Стасова лаконично записала в протоколе:

«Если мы отдадим Финляндию, Лифляндию и Эстляндию — революция не потеряна. Те перспективы, которыми вчера нас пугал тов. Иоффе, ни малейшим образом не губят революции».

Ломов, любивший «подводить итоги», чувствовал, что бессилен опровергнуть Ленина. Он ограничился в своем выступлении повторением «левых» лозунгов: «С максимальной энергией развивать нашу тактику всемирной революции».

Зиновьев как будто бы поддержал Ленина, но тяготел к Троцкому:

— Владимир Ильич говорит, — подчеркнул он свою близость к Ленину, — что, если немцы потребуют невмешательства в украинские дела, мы должны принять и это. Но вопрос — какого невмешательства? Поэтому я согласен с товарищем Троцким — узнать, чего они хотят.

Впервые в истории борьбы за мир большинство проголосовало за предложение Ленина. Против голосовали Бухарин, Урицкий, Ломов, Иоффе, Крестинский. Елена Дмитриевна Стасова, на которую сильно нажимали «левые», воздержалась.

Ленину и Троцкому было поручено выработать текст радиограммы. За содержание ее тоже пришлось бороться. «Левые» прямо-таки выходили из себя, не соглашаясь с ленинской мыслью, что Советское правительство готово принять и более тяжелые условия. Однако новое голосование закрепило победу Ленина.

Тогда Троцкий внес предложение, чтобы совместное решение ЦК партии большевиков и ЦК партии левых эсеров считать решением Совнаркома. Мол, поздно, все устали, дело неотложное, поэтому собирать Совнарком нет необходимости. А по существу, это был хитрый и зловещий ход. Троцкий хорошо знал эсеров.
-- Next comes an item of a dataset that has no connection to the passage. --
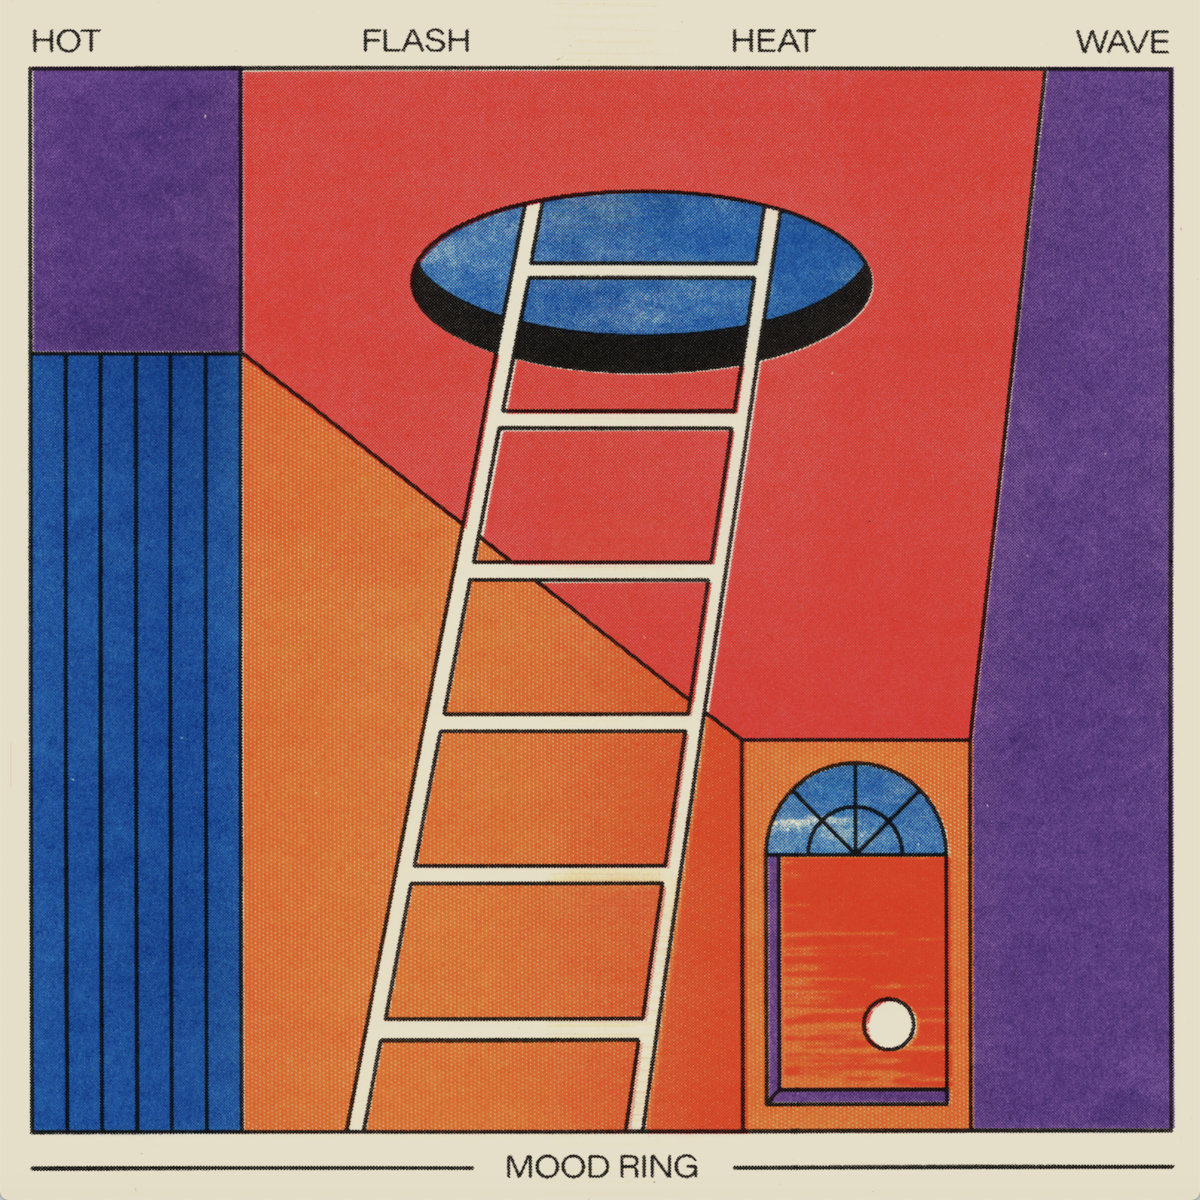 The album cover is colorful, minimalistic picture of a ladder leading up to an open hole in the ceiling

Люди, пролившие реки слез, рассуждая о судьбе русского мужика, готовы были с необычайной легкостью во имя фразы бросить этого несчастного мужика под немецкие пушки.

История не оставила следов совместного заседания Центральных Комитетов обеих партий, члены которых входили в правительство. Никакого протокола. Есть только один документ — отчет в московской газете «Социал-демократ». Не потому ли, что Московский комитет все еще держался «левых» взглядов?

Заметка так и называлась: «Война или мир?» В ней сообщалось:

«Ночью состоялось заседание Центрального Комитета большевиков и Центрального Комитета левых эсеров. Вначале заседали отдельно, затем было устроено совместное заседание. Определились два направления: одно за то, что Россия воевать не может и что необходимо подписать мир на тех условиях, которые нам диктуют, однако это направление оказалось в меньшинстве. Большинство держалось той точки зрения, что революция русская выдержит новое испытание; решено сопротивляться до последней возможности».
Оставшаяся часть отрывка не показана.